Believe it or not, today is the first day of autumn. It took a while for the snow to melt this year in the upper elevations, but it eventually did, and we hope you were able to explore some of the Clearwater’s high country. This edition will provide updates on the Lochsa diesel spill, a proposal to log in a roadless area on the Nez Perce National Forest, the preliminary injunction in Montana against Exxon/Imperial Oil, the Nickel Bros. megaloads traveling up US12, an upcoming Army Corps of Engineers public hearing, why protections for grizzly bears need to be strengthened not weakened, and an invitation to some upcoming events.

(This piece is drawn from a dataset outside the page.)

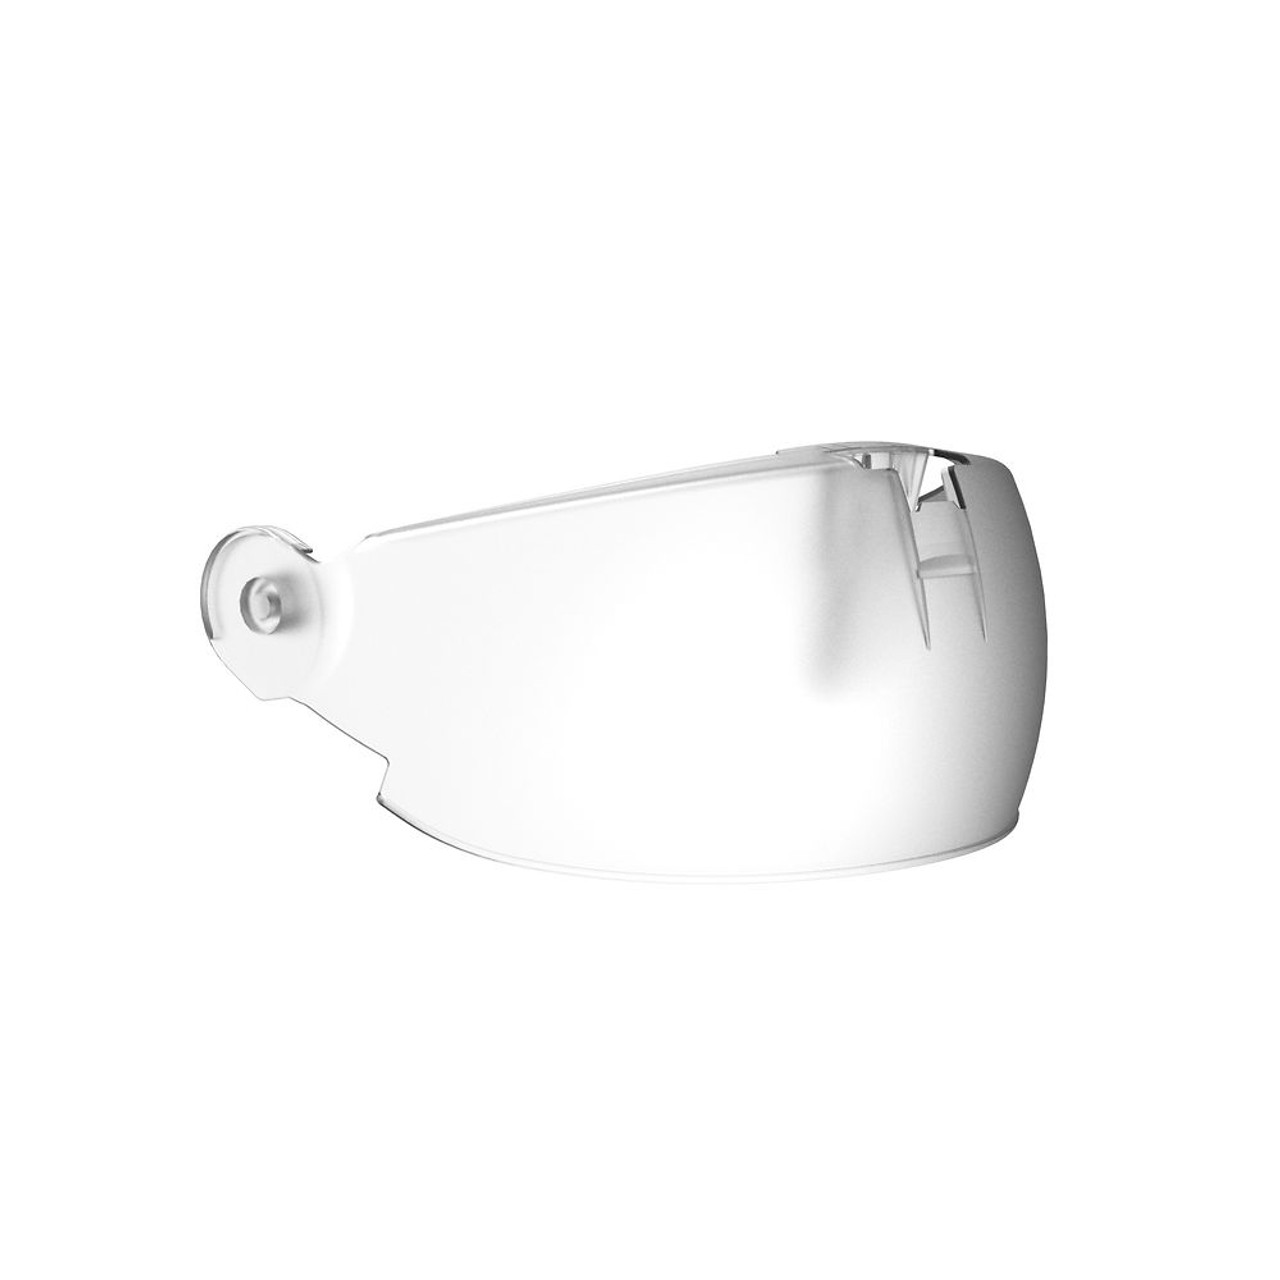 ZEKLER Eye Protection ZONE Helmet with  for ZEKLER Eye Protection| ZONE Helmet Visor Cover Eye Protection that have  available in Australia and New Zealand

Friends of the Clearwater has filed a 60-day notice of intent to sue Keller Transport Inc. of Billings, Montana for their failure to responsibly clean up the 7,500 diesel fuel spill into the Wild & Scenic Lochsa River. Approximately 3,000 gallons have yet to be recovered, and we think the group should work with the appropriate state and federal agencies to excavate the road and recover the remaining fuel. An adequate clean-up effort should be required to protect threatened species like Bull Trout and Steelhead.
The Forest Service is proposing to build two miles of new road and log approximately 260 acres of roadless country near the West Fork of the Crooked River, which is located just to the northeast of the Gospel Hump Wilderness. The area is “protected” by the Idaho Roadless Rule, but to no surprise the Forest Service is taking advantage of the loopholes in the rule to log where they shouldn’t be. Comments are due by October 6th and can be sent to firstname.lastname@example.org.
Montana District Judge Ray Dayton heard arguments yesterday from both parties as to why he should or should not consider revoking or amending a preliminary-injunction he handed down this summer against the Montana Department of Transportation in their attempt to issue permits for the transport of Exxon/Imperial Oil megaloads across the state’s rural highways. Exxon is asking the judge to allow the company to use a portion of the route while the court considers a final judgment. Read the full article here: http://missoulian.com/news/local/article_f74cd898-e58c-11e0-b354-001cc4c002e0.html.
The latest corporation to apply for and receive permits to haul over-legal megaload equipment up US 12 is Weyerhauser and their transporter Nickel Brothers. After studying the traffic control plan for this project, Advocates for the West filed a petition to intervene on behalf of Friends of the Clearwater, only to have Idaho Transportation Department Director Brian Ness deny it. This despite the fact the Idaho Supreme Court ruled that the public is entitled to an administrative hearing. We are currently working with Advocates and considering our options.
The Army Corps of Engineers is holding a public hearing for the Port of Lewiston’s recent application to expand their docks and facilities. Port of Lewiston Manager David Doeringsfeld told the Lewiston Tribune that if the Port can expand it’s docks, it expects to receive three or four barges per year carrying megaloads. Learn more about the hearing: http://friendsoftheclearwater.org/node/1101.
Unfortunately, there have been multiple fatalities this year involving grizzly bears and humans. No one wants to see people getting mauled, nor threatened species like grizzlies being shot and killed in self-defense. However, the recent legislation proposed by Idaho Congressman Mike Crapo and Jim Risch will not prevent future conflicts between humans and grizzlies, nor will it improve the ability of the grizzly to biologically recover and one day be de-listed from the Endangered Species Act. Similar to wolves, private landowners need to invest in non-lethal measures, hunters and outfitters need to to be more certain of their targets, and society as a whole needs to learn to live with others species and embrace wildness.